Given material -
[Start of Attachment]

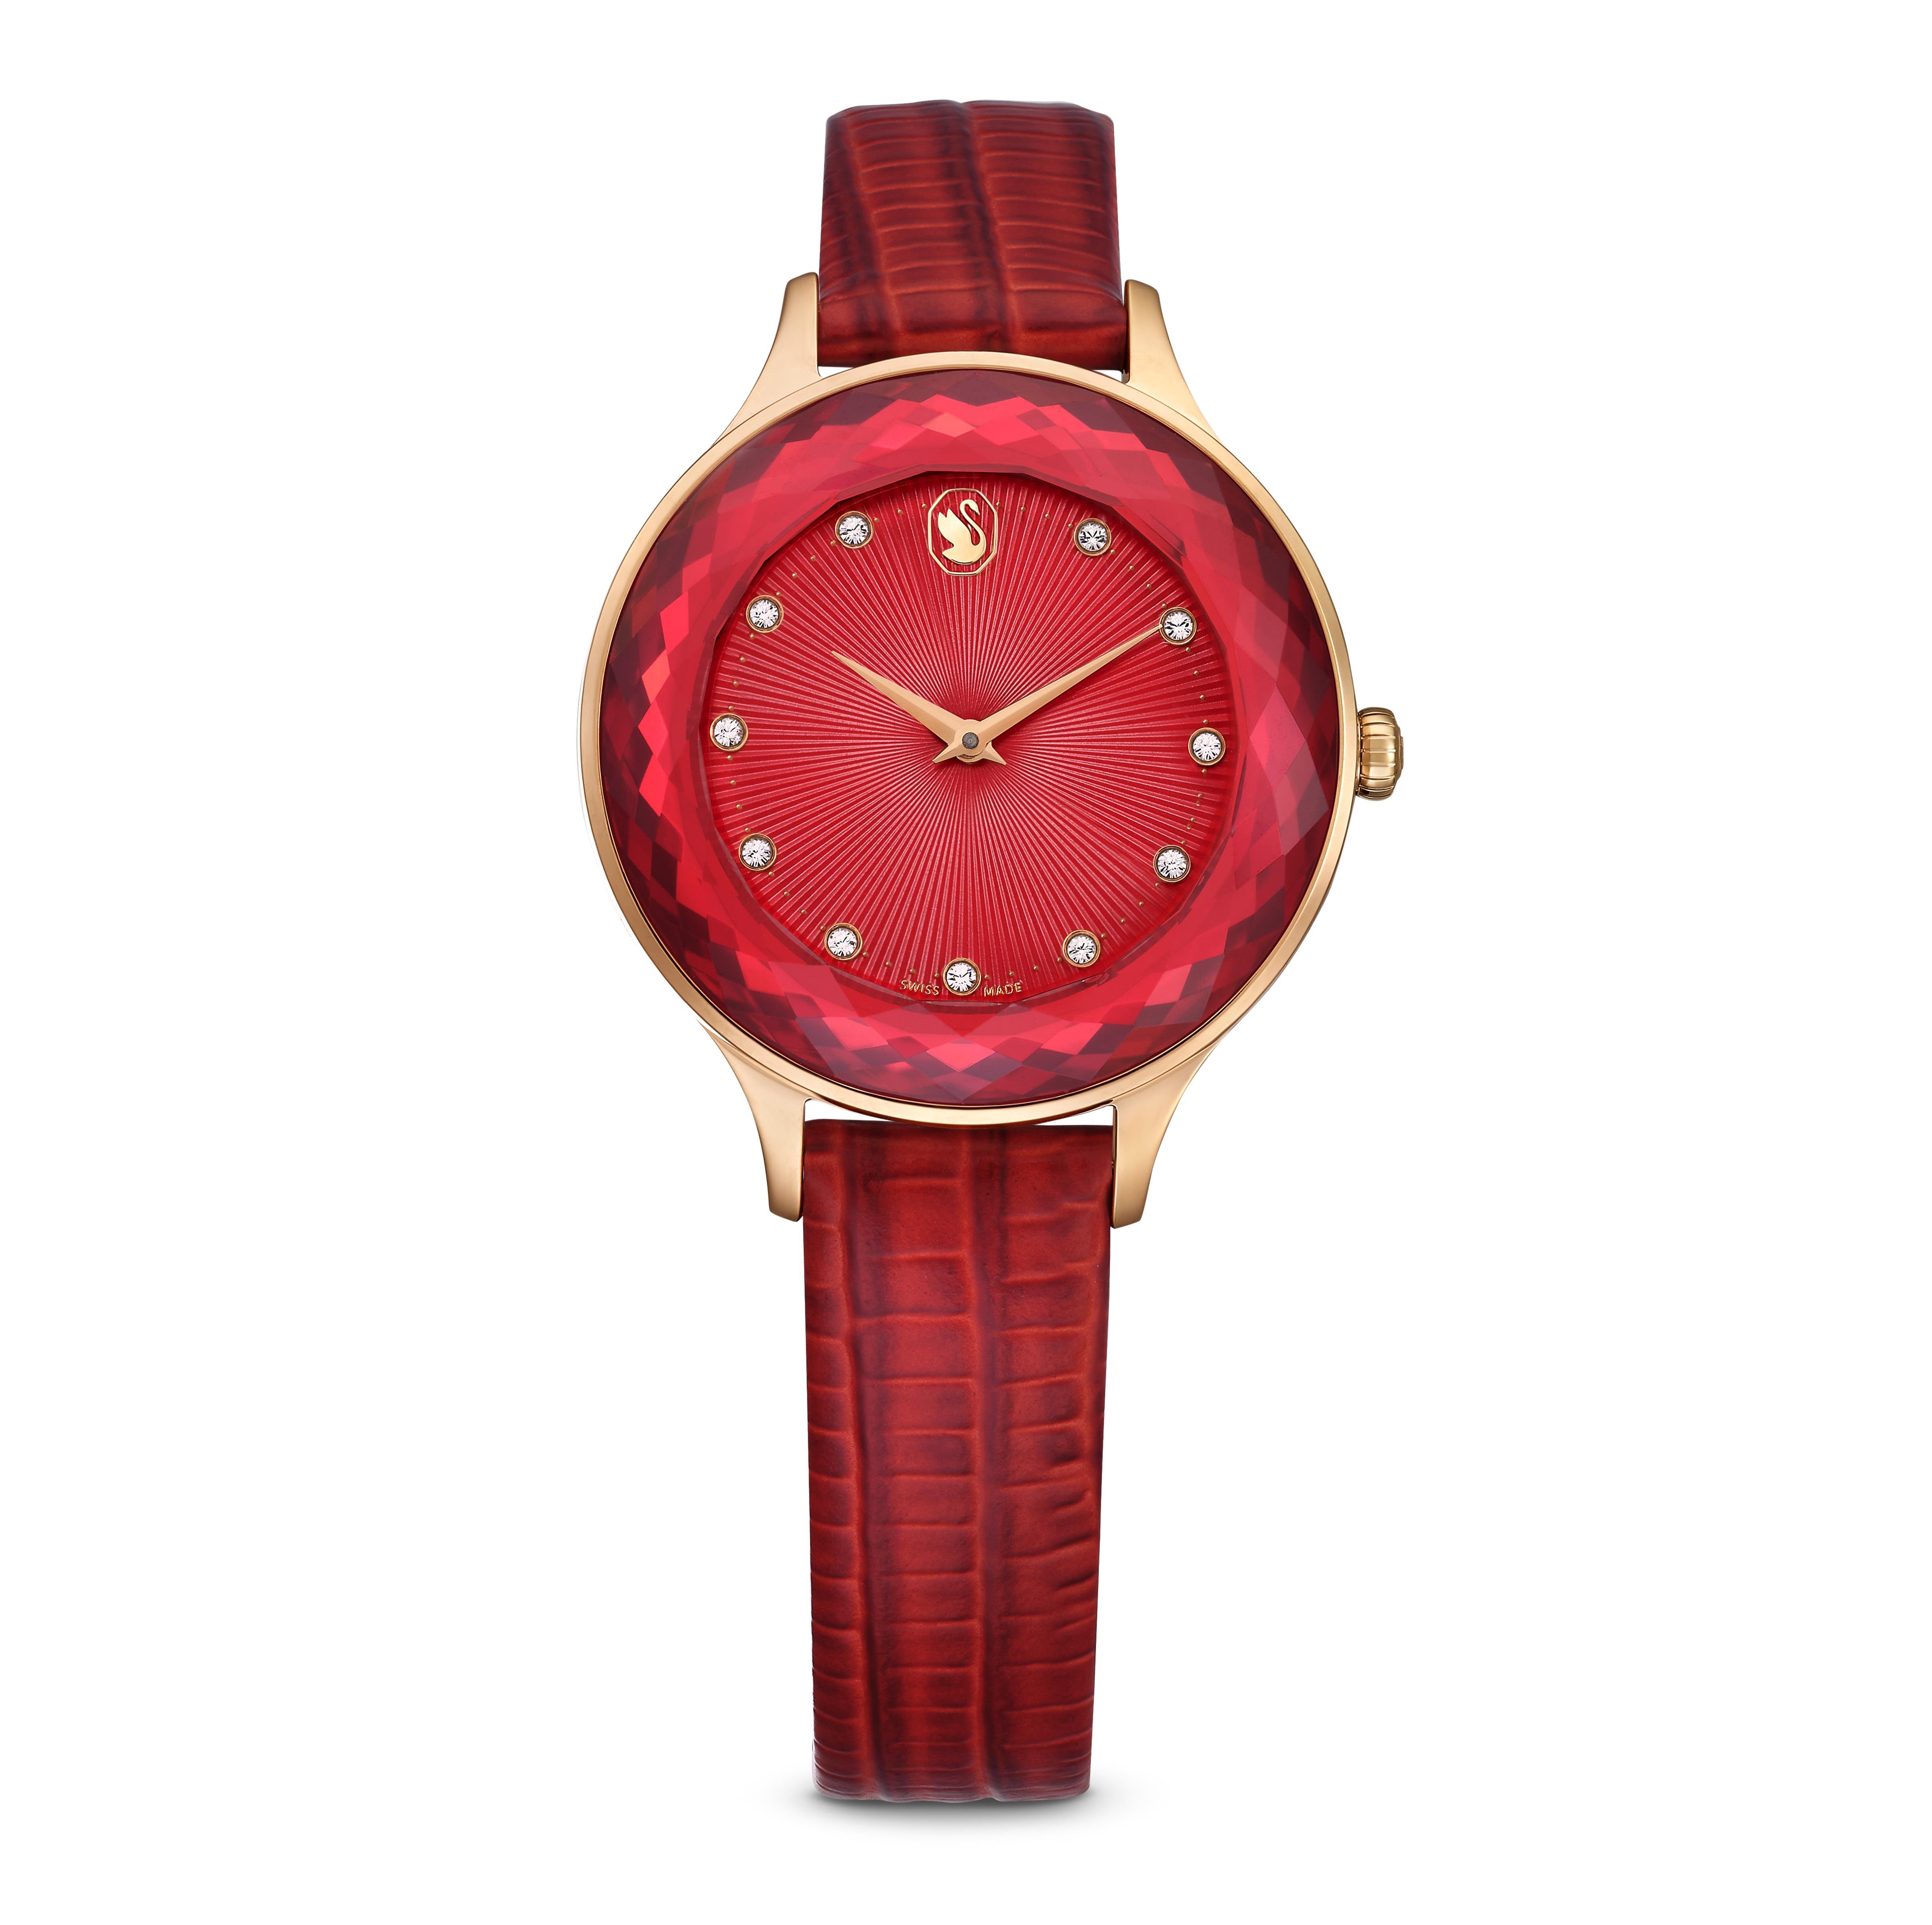 Octea Nova Saat, İsviçre Üretimi, Kırmızı, Pembe altın rengi yüzey
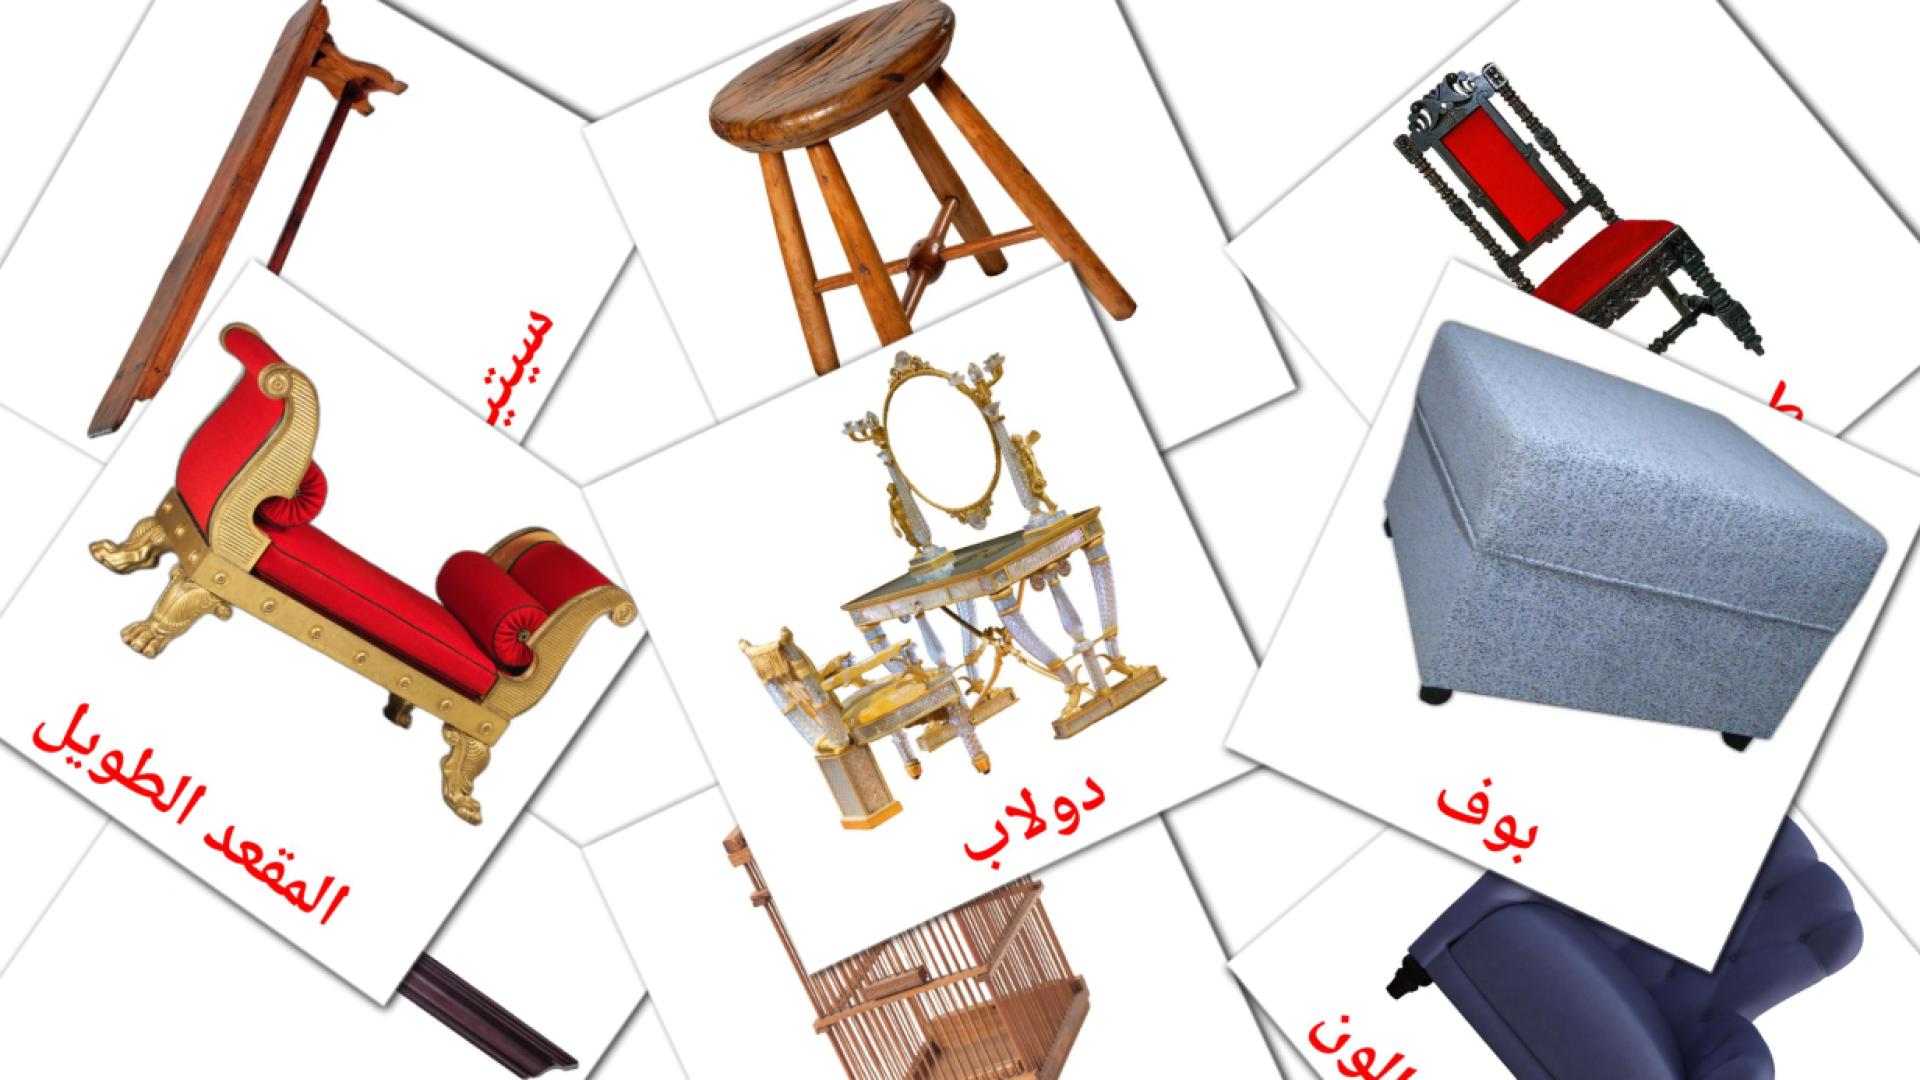 Möbel - Arabisch Vokabelkarten
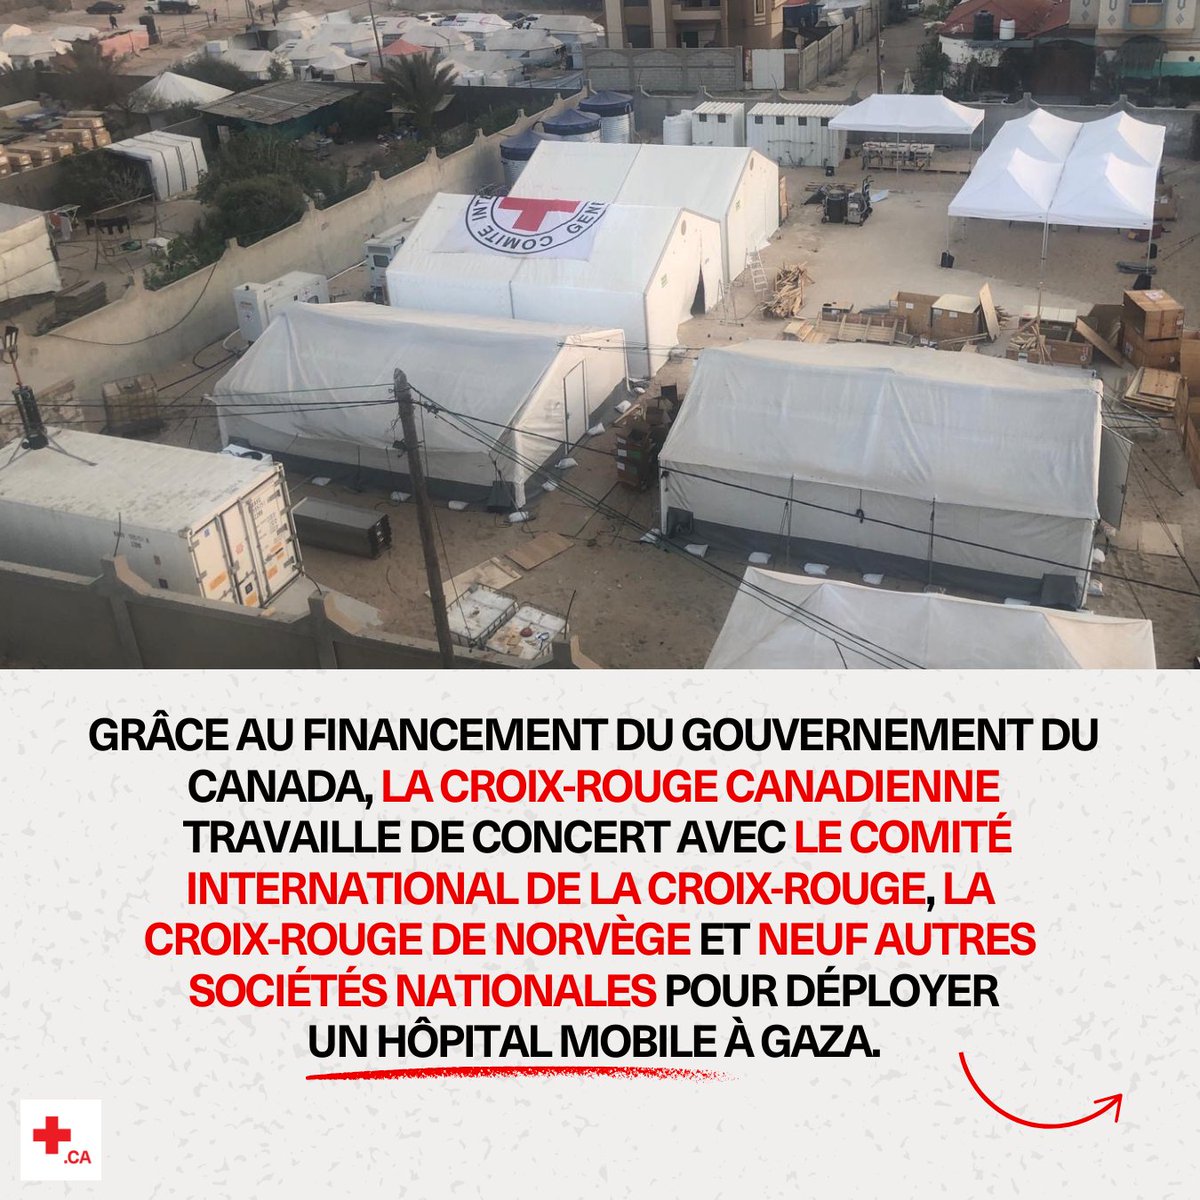 (2/6) La Croix-Rouge canadienne, le @CICR_fr , la Croix-Rouge de Norvège (@rodekorsnorge ) et neuf autres Sociétés nationales ont ouvert un hôpital mobile à #Rafah afin de répondre à certains des énormes besoins médicaux.

[End of Attachment]

Work order -
Repeat the data above in full and exactly. Omit every image.

Exercise result -
 Octea Nova Saat, İsviçre Üretimi, Kırmızı, Pembe altın rengi yüzey
 Möbel - Arabisch Vokabelkarten
 (2/6) La Croix-Rouge canadienne, le @CICR_fr , la Croix-Rouge de Norvège (@rodekorsnorge ) et neuf autres Sociétés nationales ont ouvert un hôpital mobile à #Rafah afin de répondre à certains des énormes besoins médicaux.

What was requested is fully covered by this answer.